[Source data]
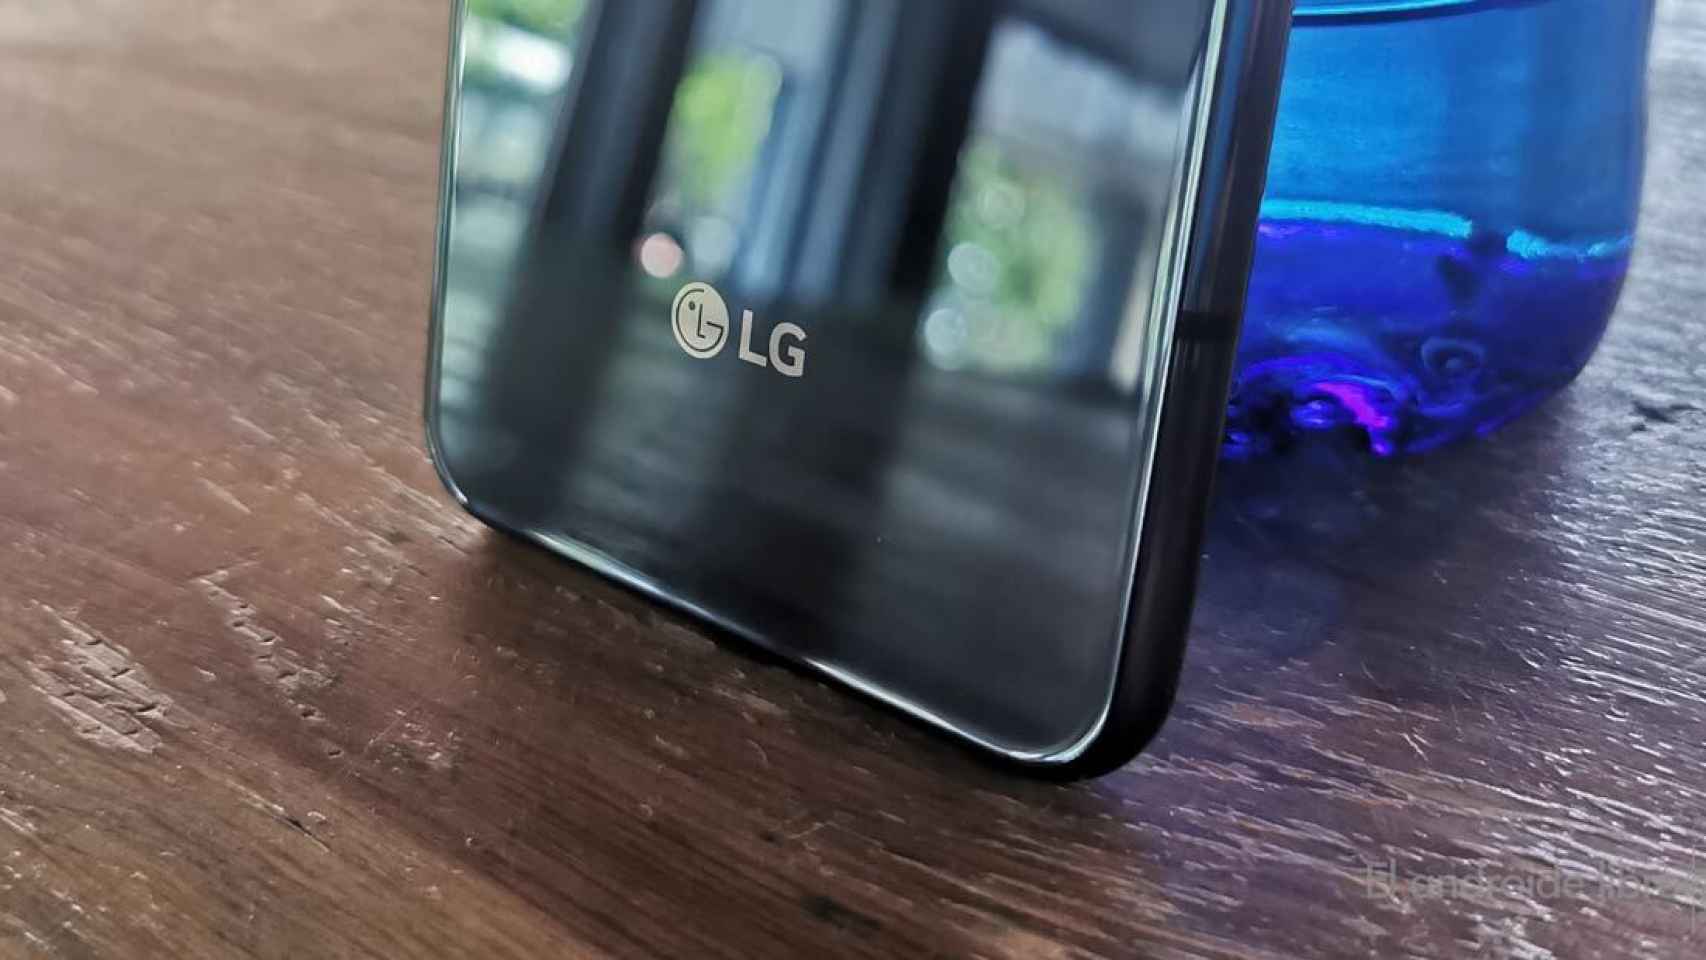 Probamos el LG G8s ThinQ, un móvil potente y con gestos en el aire
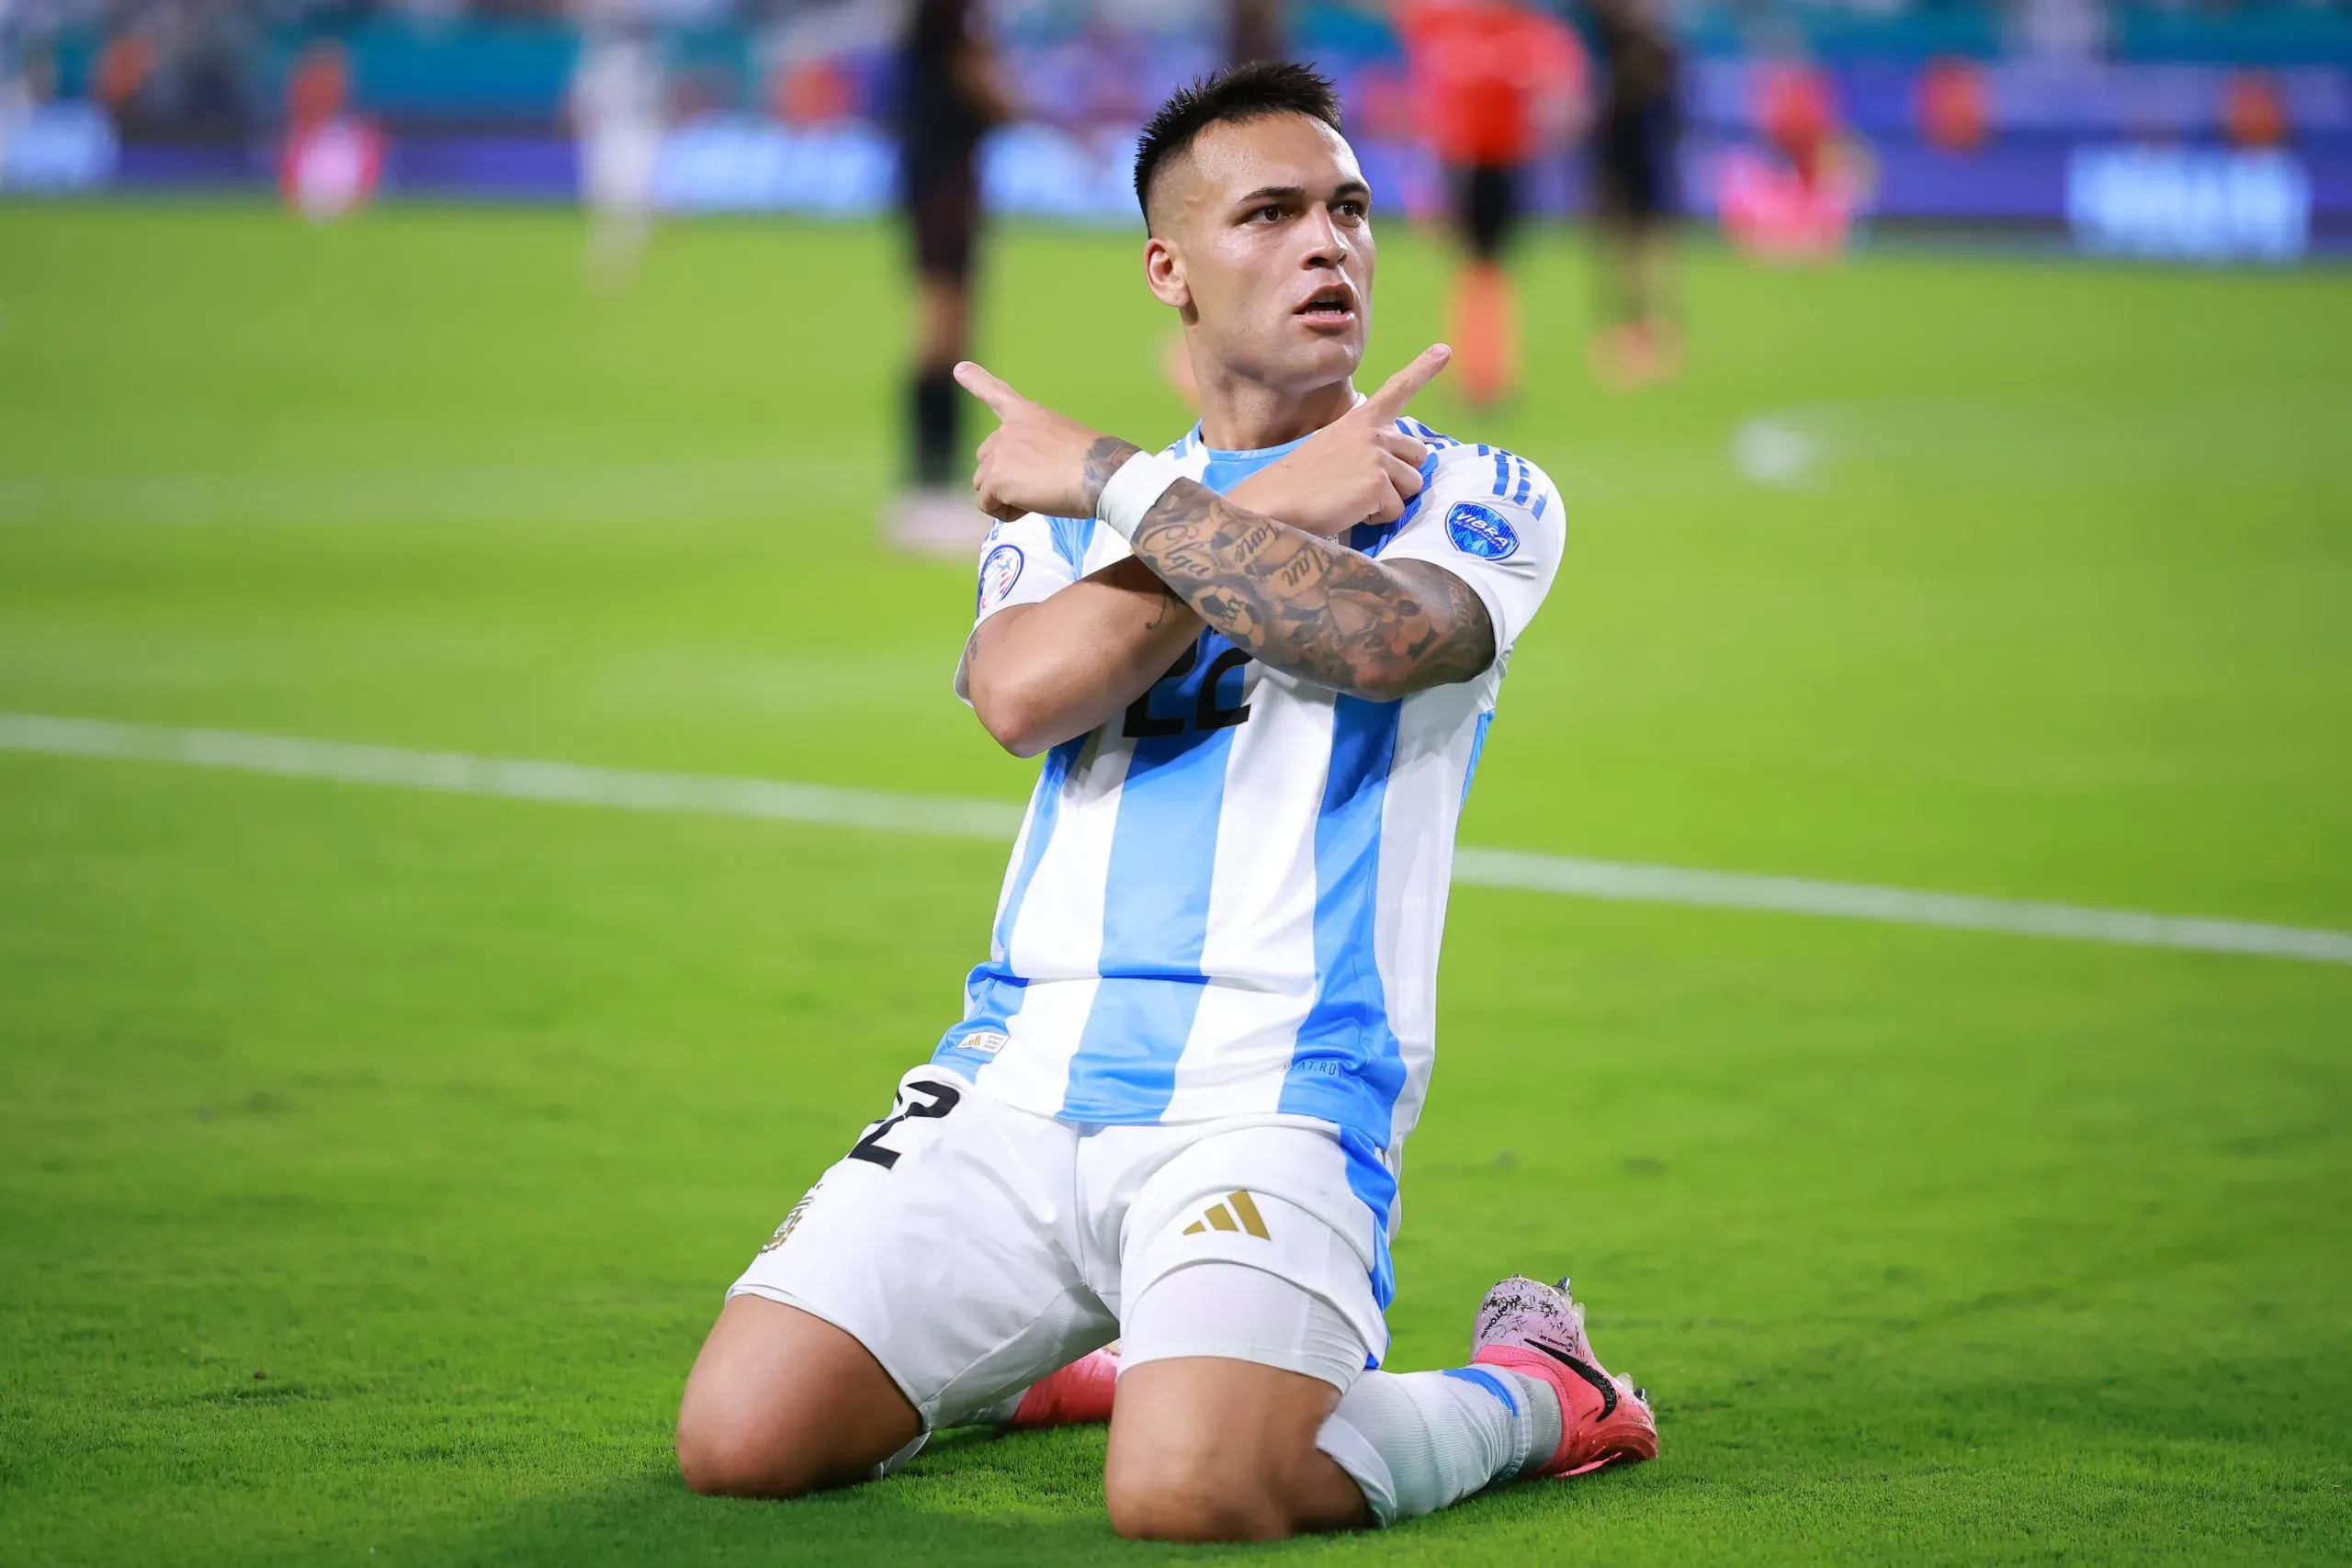 Lautaro Martínez comemorando gol. (Photo by Hector Vivas/Getty Images)
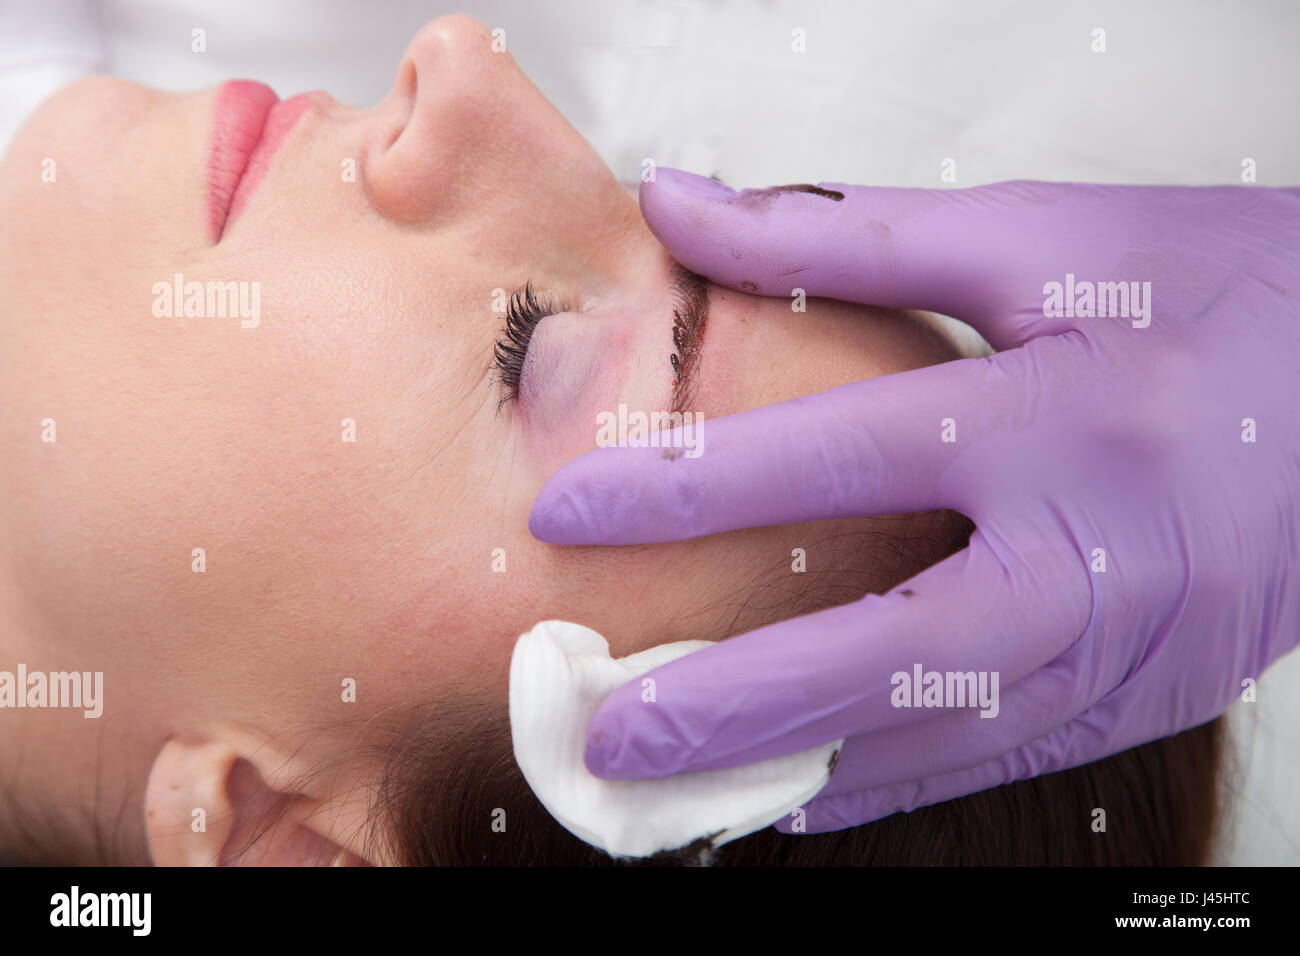 Cosmetologo applicare trucco permanente sulle sopracciglia Foto Stock

[Problem description] Say again, word for word, every line from the one with "Lautaro Martínez comemorando" through the last line of the data above, minus the pictures.

[Your solution]
 Lautaro Martínez comemorando gol. (Photo by Hector Vivas/Getty Images)
 Cosmetologo applicare trucco permanente sulle sopracciglia Foto Stock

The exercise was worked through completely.